The OpenAPI plugin is included with Better Auth:

// src/auth/auth.config.ts
import { betterAuth } from 'better-auth';
import { openAPI } from 'better-auth/plugins';
import { prismaAdapter } from 'better-auth/adapters/prisma';

export const auth = betterAuth({
  database: prismaAdapter(prisma, { provider: 'postgresql' }),
  emailAndPassword: { enabled: true },
  plugins: [
    openAPI(), // Add the OpenAPI plugin
  ],
});

2. Access the Reference

Once configured, Better Auth exposes:

Endpoint	Description
/api/auth/reference	Interactive API reference (Scalar)
/api/auth/open-api/generate-schema	Raw OpenAPI JSON schema

Navigate to http://localhost:3000/api/auth/reference to see the interactive documentation.

Endpoints Documentation

The OpenAPI plugin automatically documents:

• Core Authentication: Sign up, sign in, sign out, session management
• Email/Password: Password reset, email verification
• Social OAuth: Provider-specific endpoints
• Plugin Endpoints: 2FA, magic links, passkeys, organizations, etc.

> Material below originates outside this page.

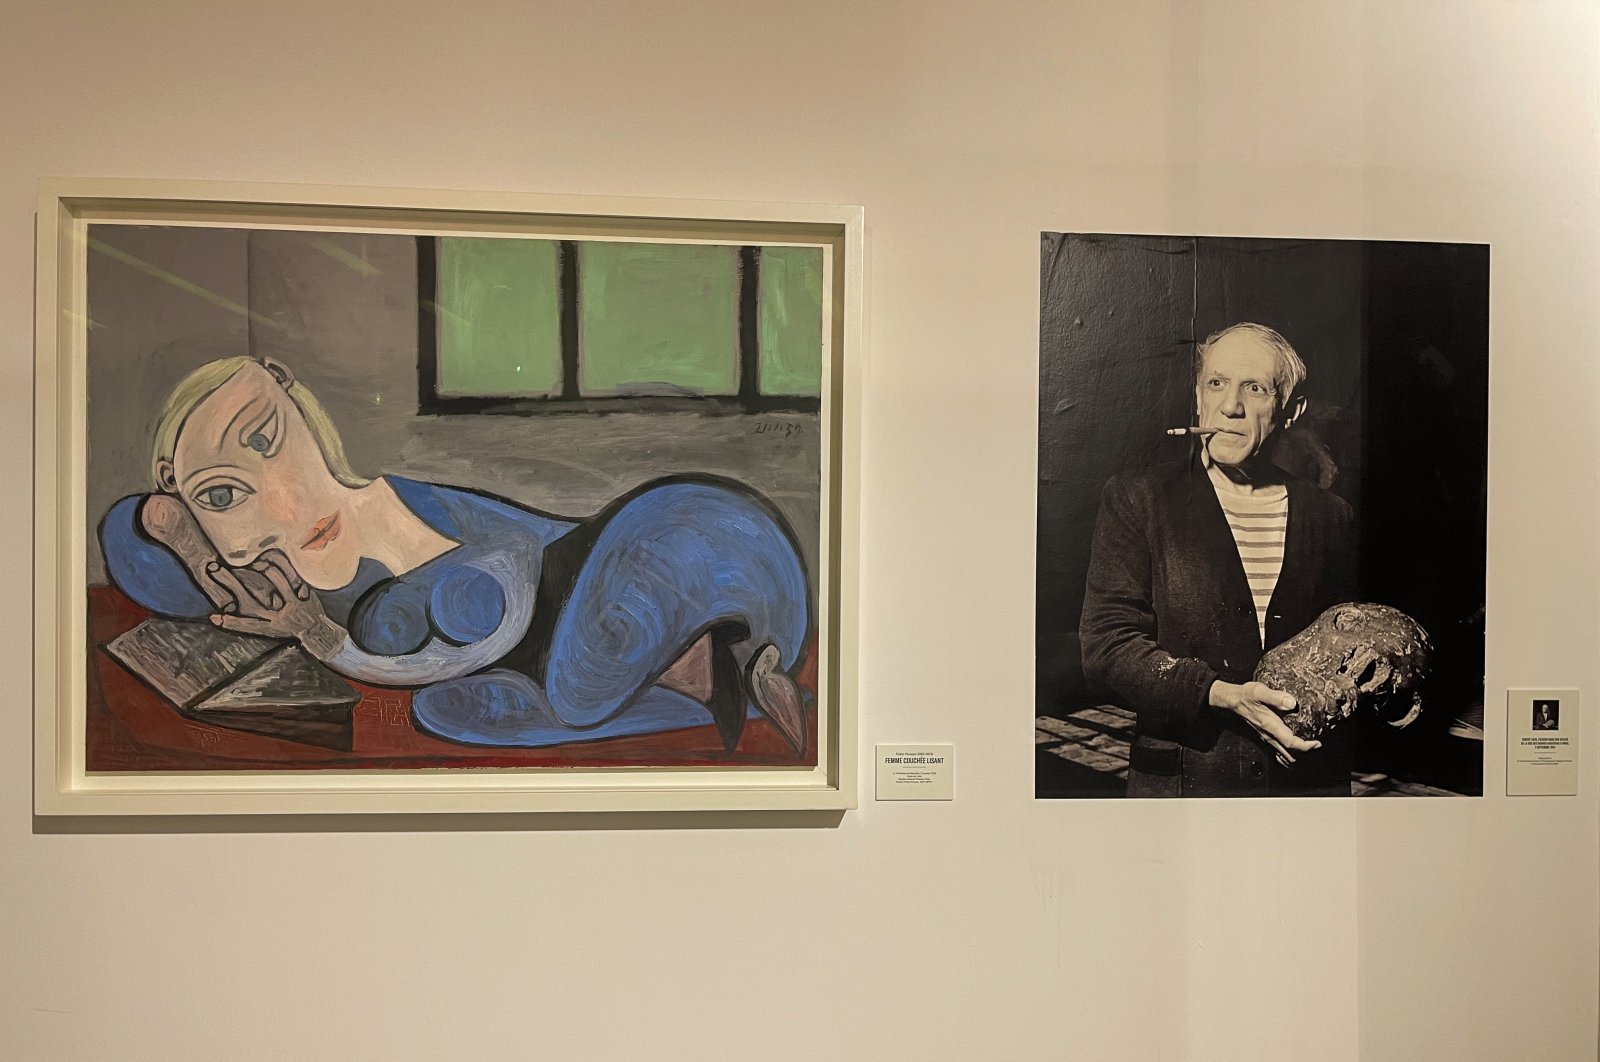 Pameran Picasso kembali ke Dakar Senegal setelah 50 tahun

Endpoints are grouped by plugin name, with core endpoints under "Default" and model schemas under "Models".

Getting the Schema Programmatically

Generate the OpenAPI schema in code:

import { auth } from './auth.config';

const openAPISchema = await auth.api.generateOpenAPISchema();
console.log(JSON.stringify(openAPISchema, null, 2));

This returns a complete OpenAPI 3.0 specification object.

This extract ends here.